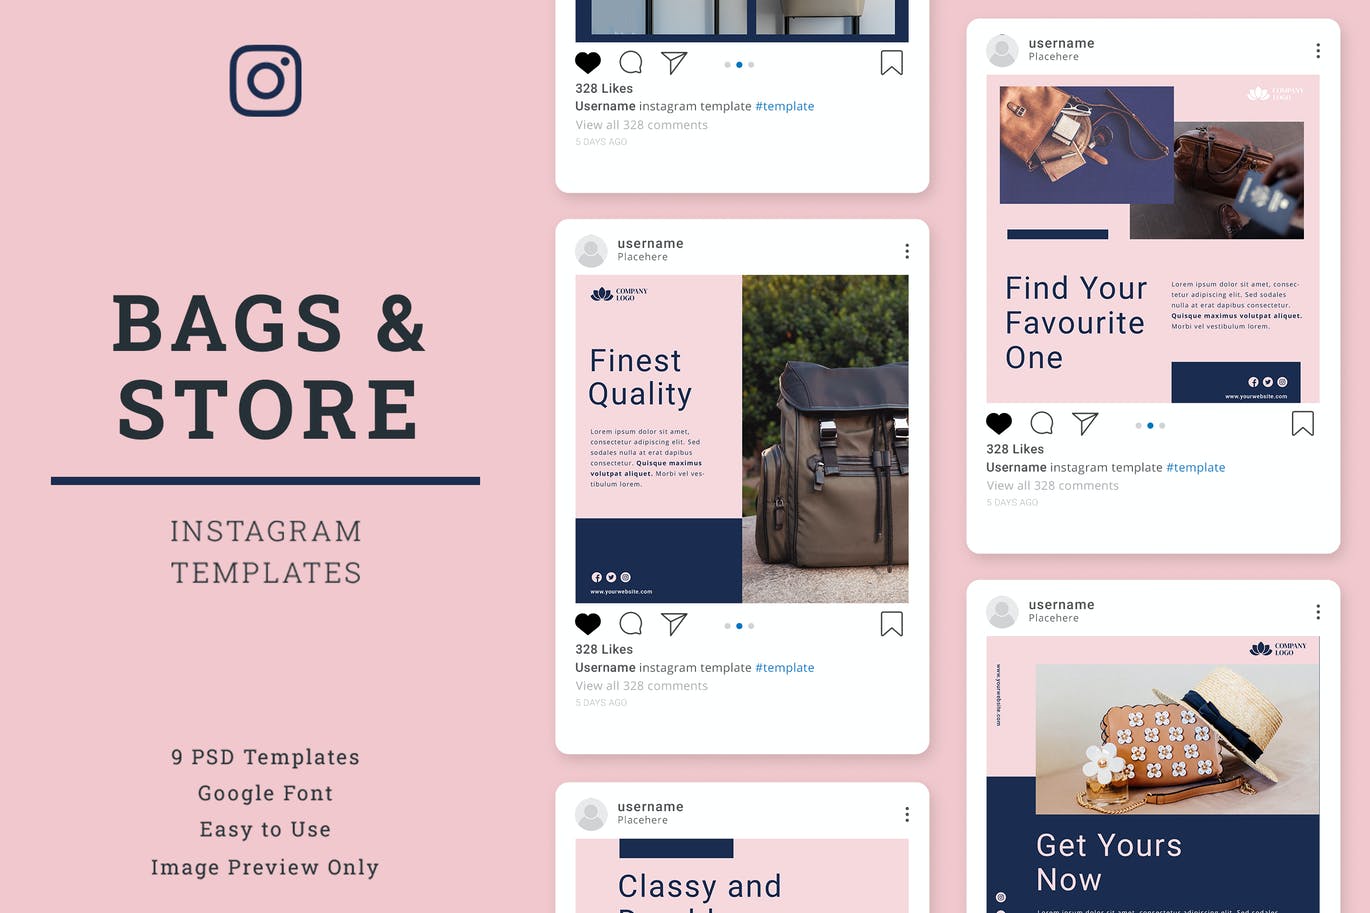 箱包商店品牌故事Instagram帖子设计社交媒体模板 Bag Store’s Instagram Post Template设计素材模板
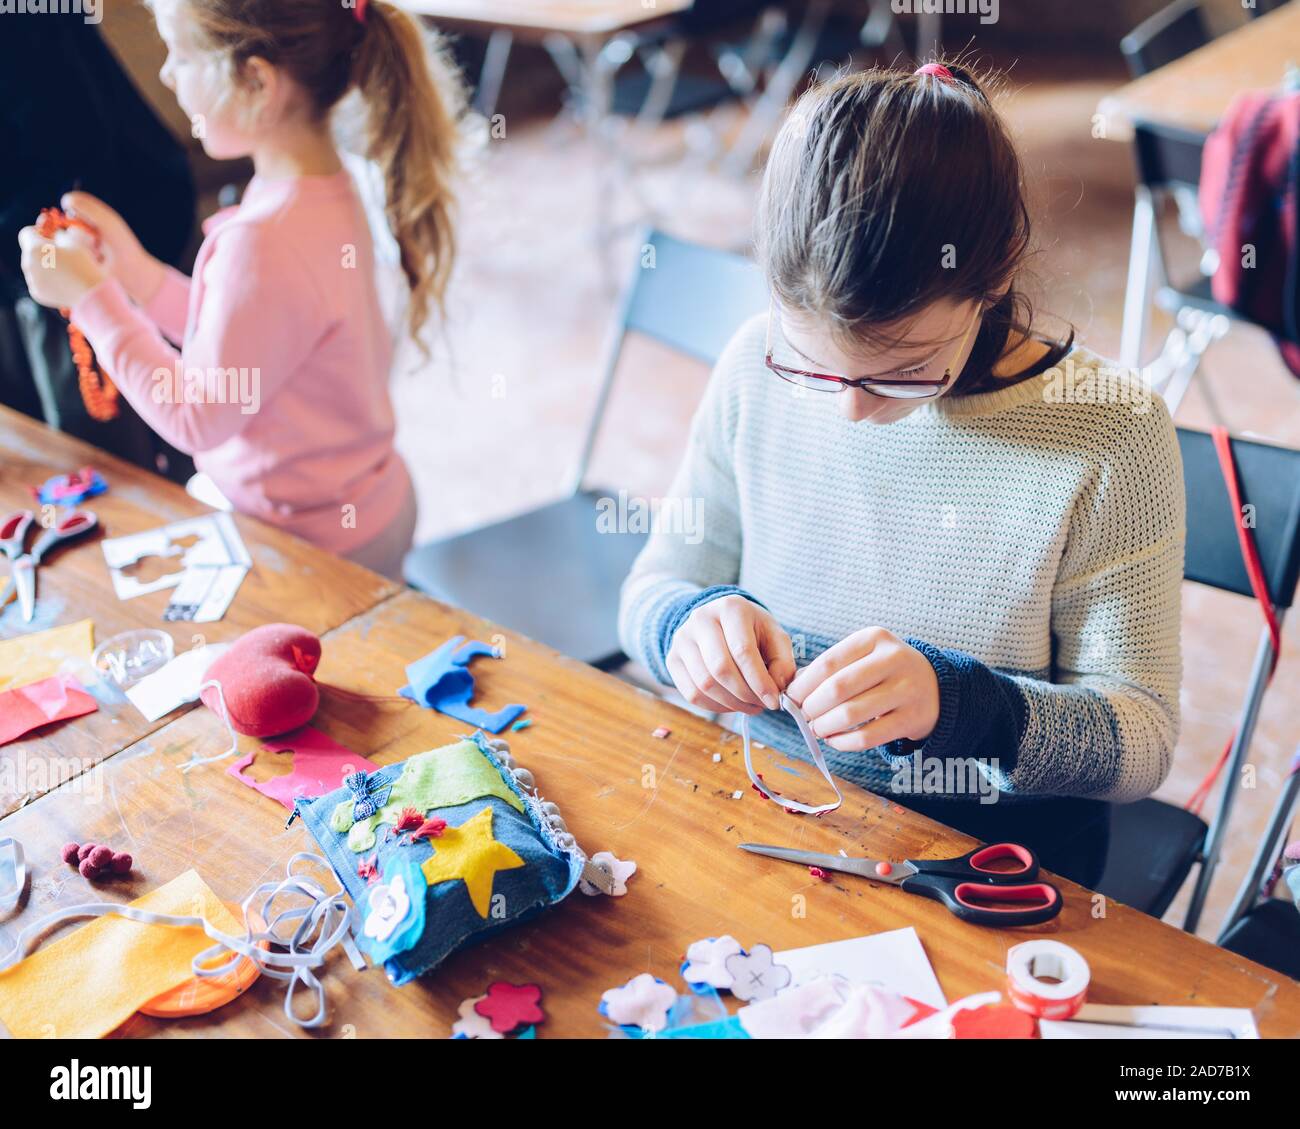 Sarto laboratori artistici per bambini - una ragazza di cucitura decorazioni in feltro Foto Stock
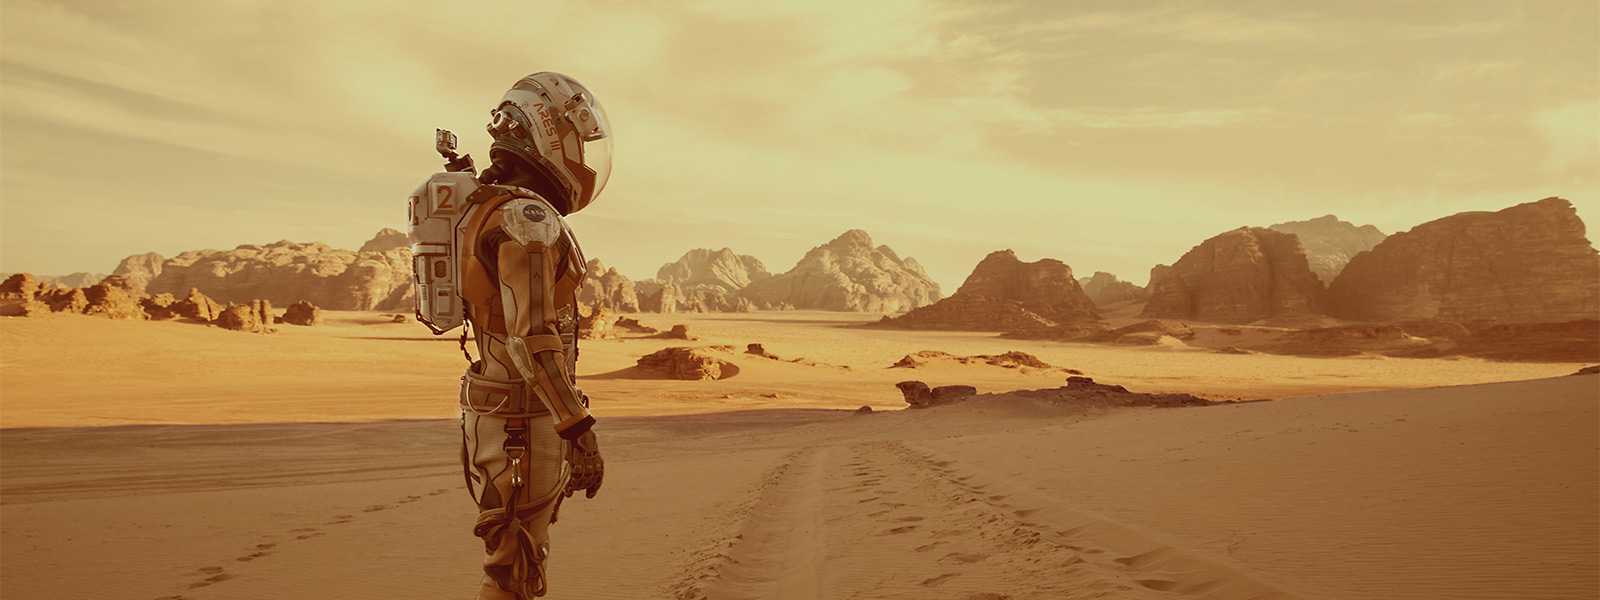 Вперед, к марсу! как ученые, писатели и киношники представляют себе освоение красной планеты
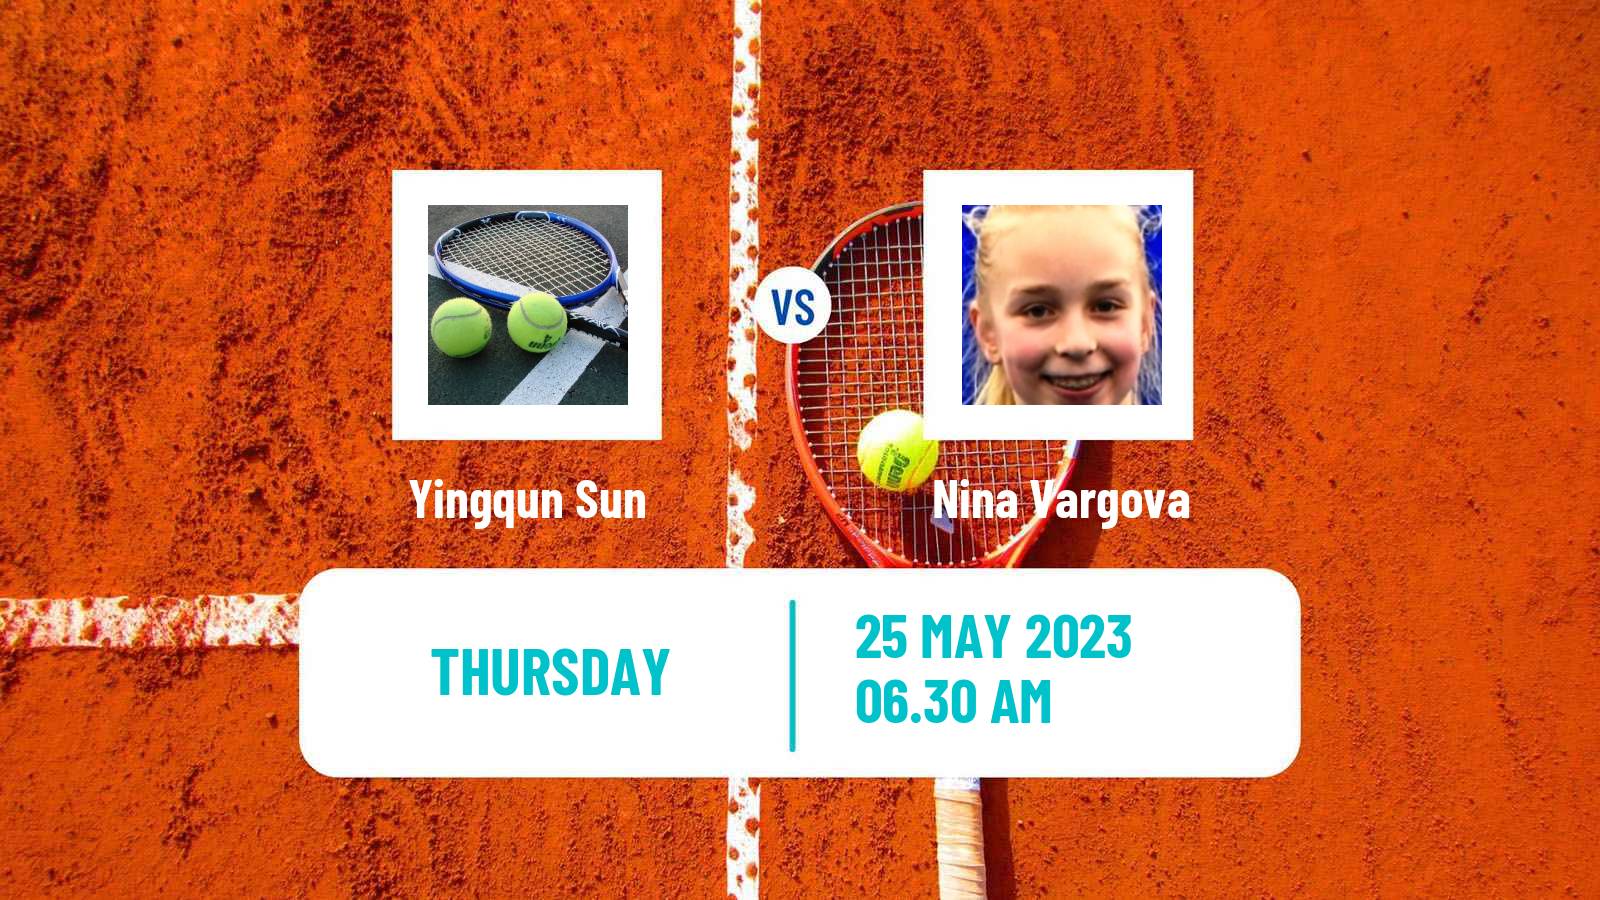 Tennis ITF W15 Kursumlijska Banja 5 Women Yingqun Sun - Nina Vargova

● Problem requirements:
Leave the pictures aside and print exactly, and only, the lines from the one with "Sarto laboratori artistici" through the end of the data, both included.

● Written answer:
 Sarto laboratori artistici per bambini - una ragazza di cucitura decorazioni in feltro Foto Stock
 Вперед, к марсу! как ученые, писатели и киношники представляют себе освоение красной планеты
 Tennis ITF W15 Kursumlijska Banja 5 Women Yingqun Sun - Nina Vargova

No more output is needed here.